▶ _Information supplied_
BEGIN

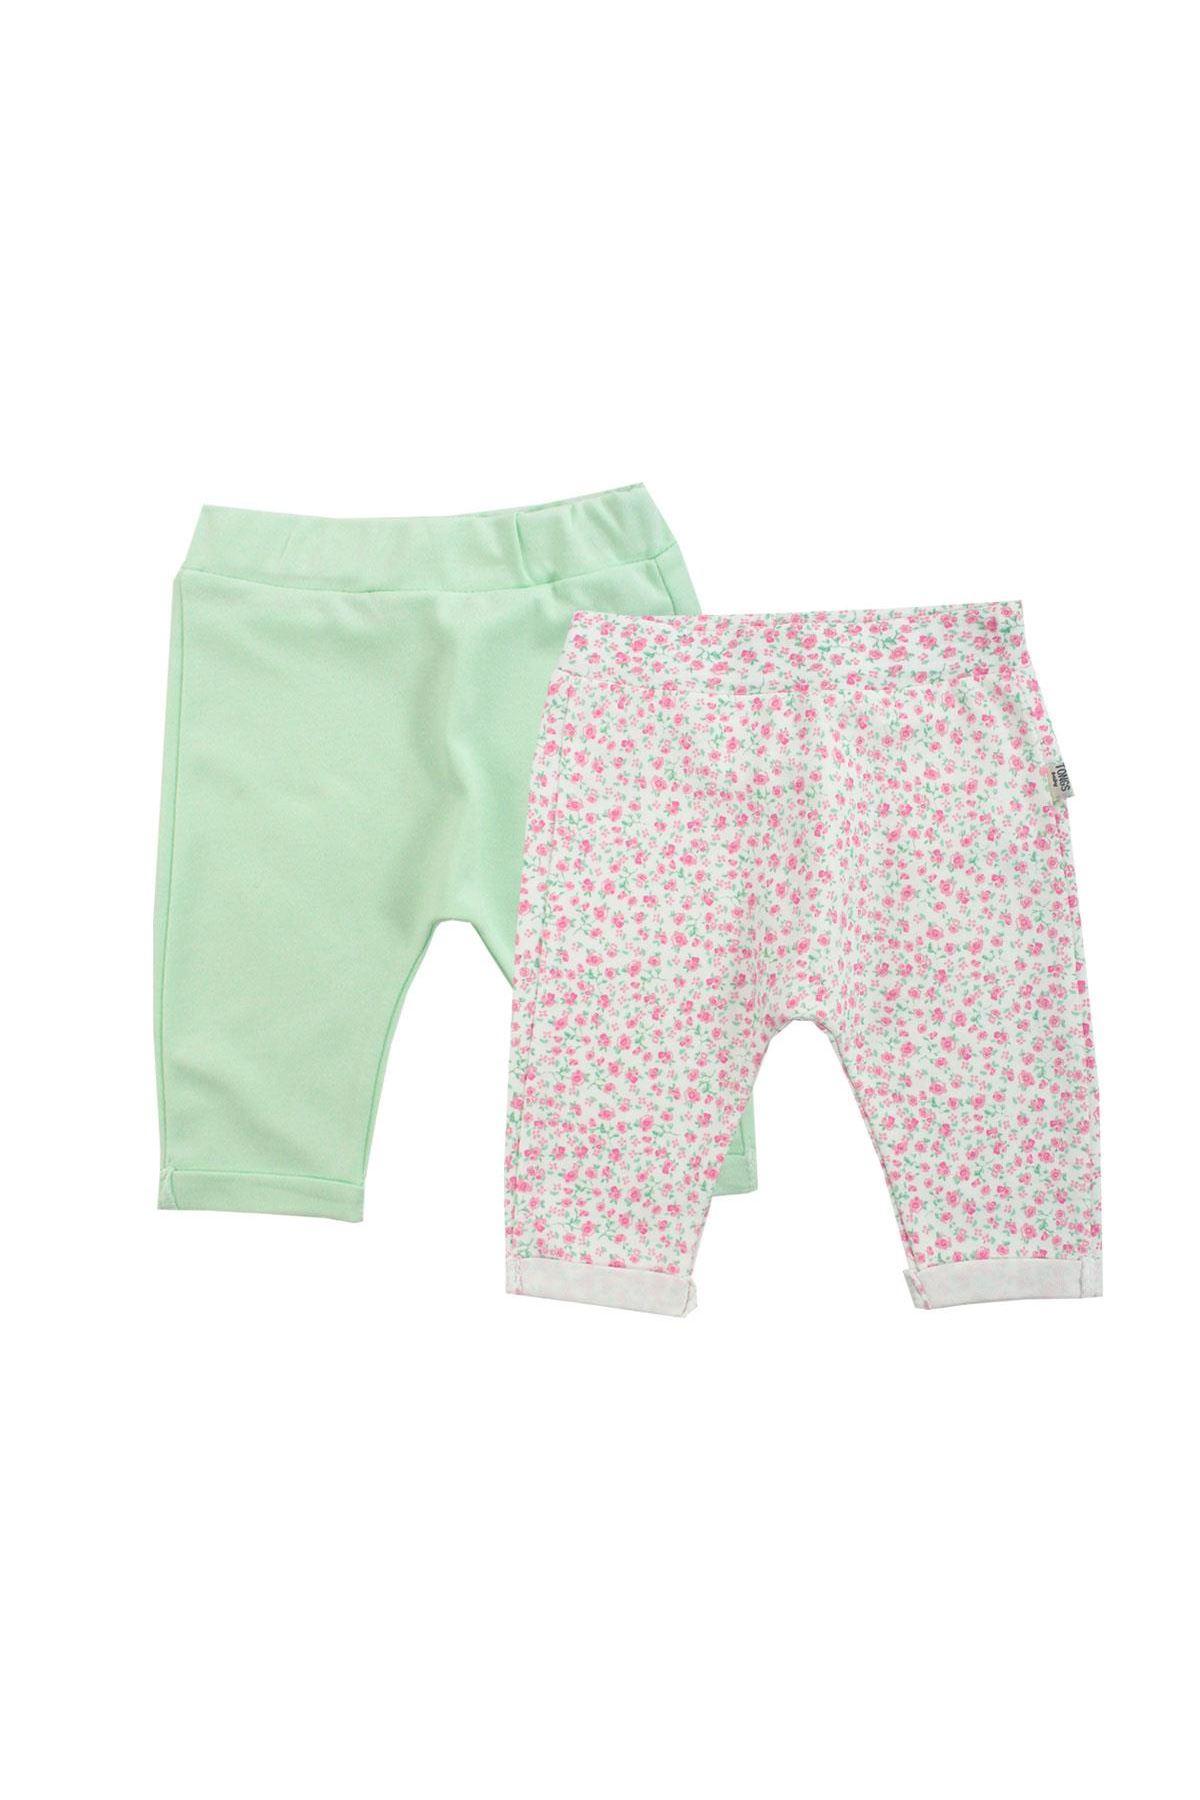 Tongs Baby Mommy Love Tek Alt Pantolon 2498 Yeşil
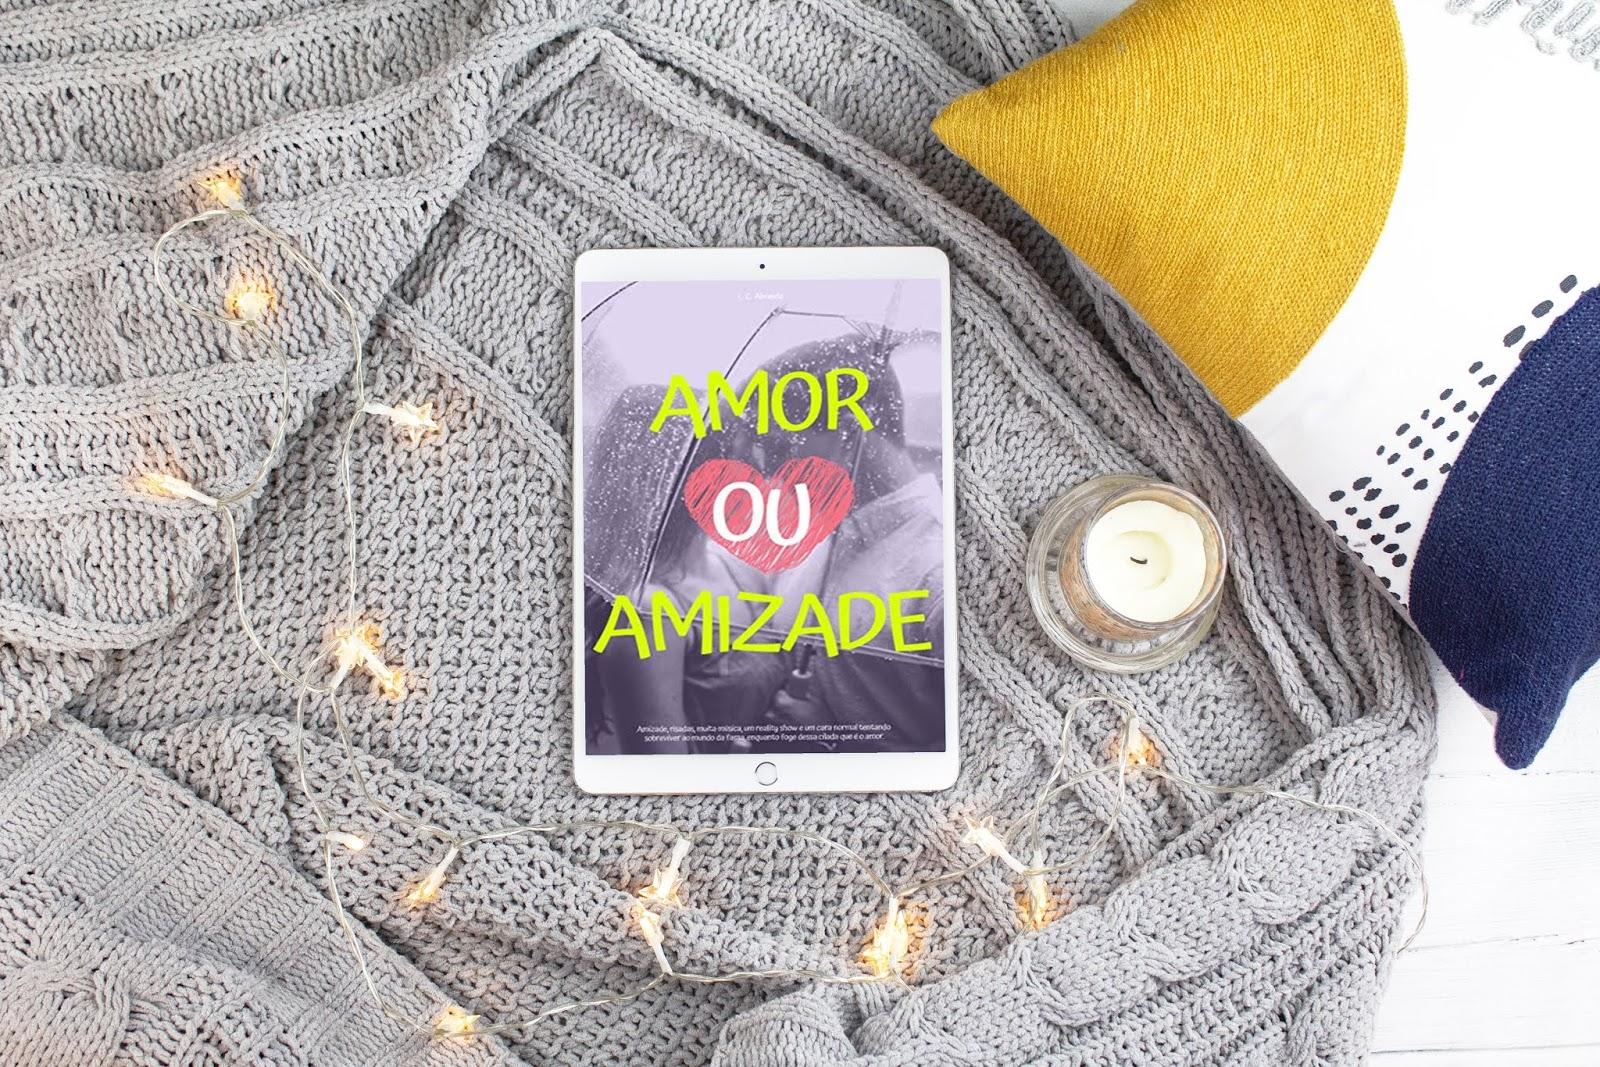 Amor ou Amizade - L. C. Almeida | Resenha
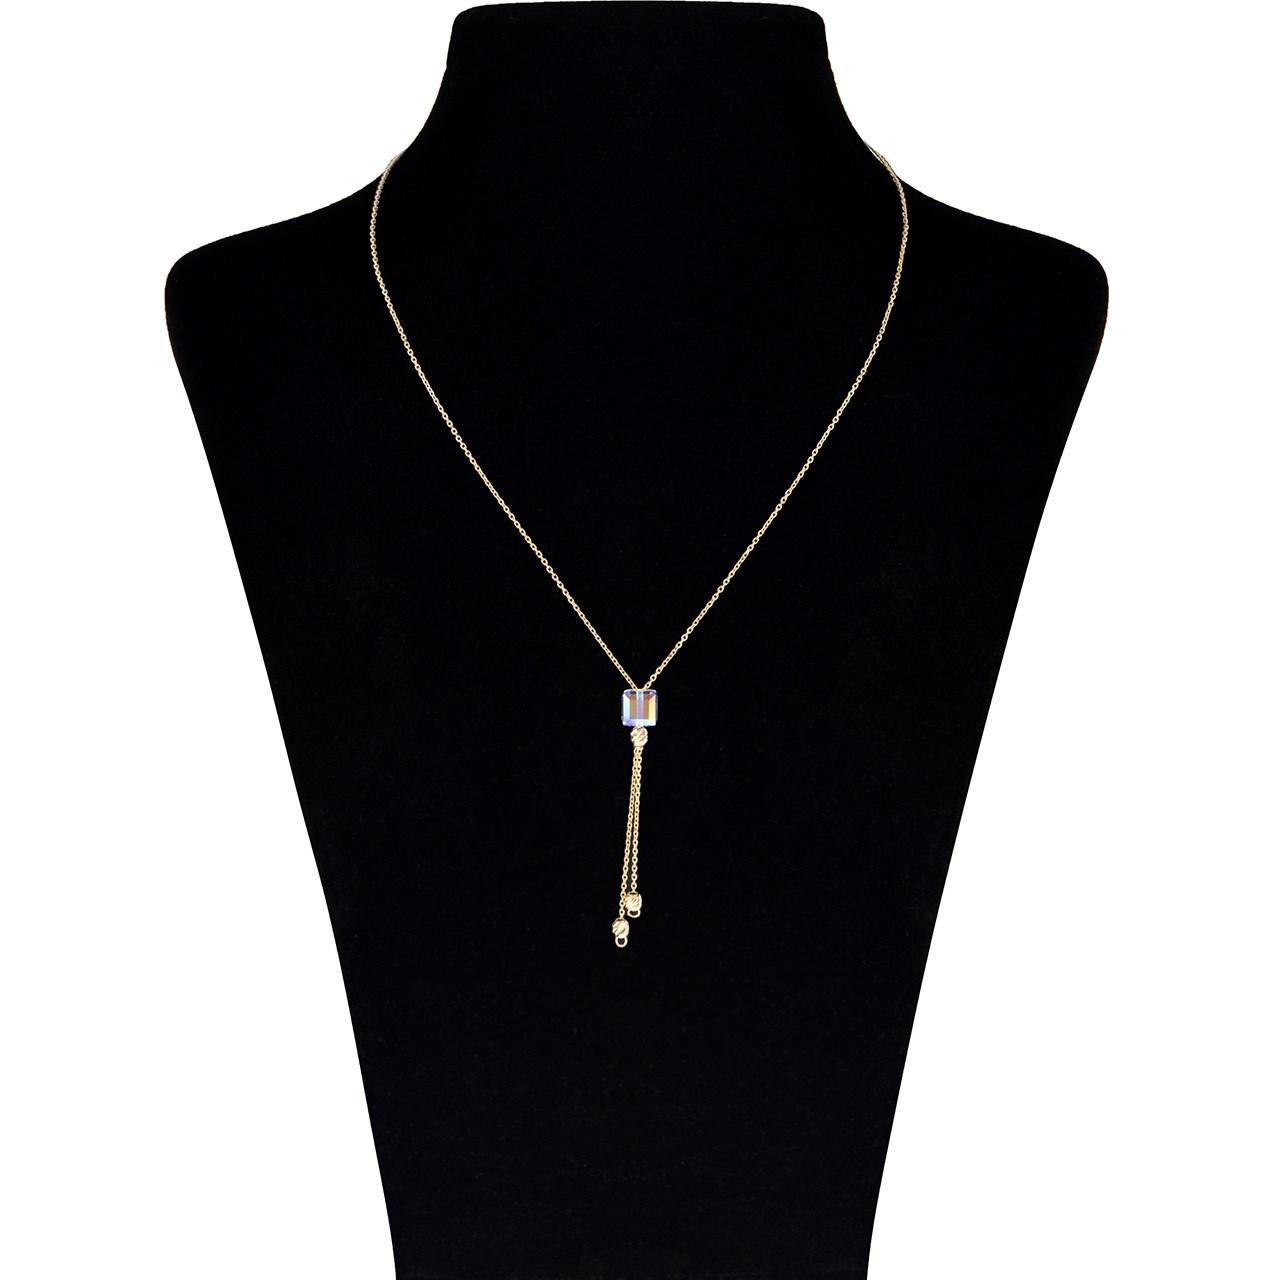 قیمت گردنبند طلا 18 عیار ماهک مدل MM0791 - مایا ماهک

END

▶ _What is expected_
Once the images are set aside, retype all of the material above exactly.

▶ _Exercise result_
 Tongs Baby Mommy Love Tek Alt Pantolon 2498 Yeşil
 Amor ou Amizade - L. C. Almeida | Resenha
 قیمت گردنبند طلا 18 عیار ماهک مدل MM0791 - مایا ماهک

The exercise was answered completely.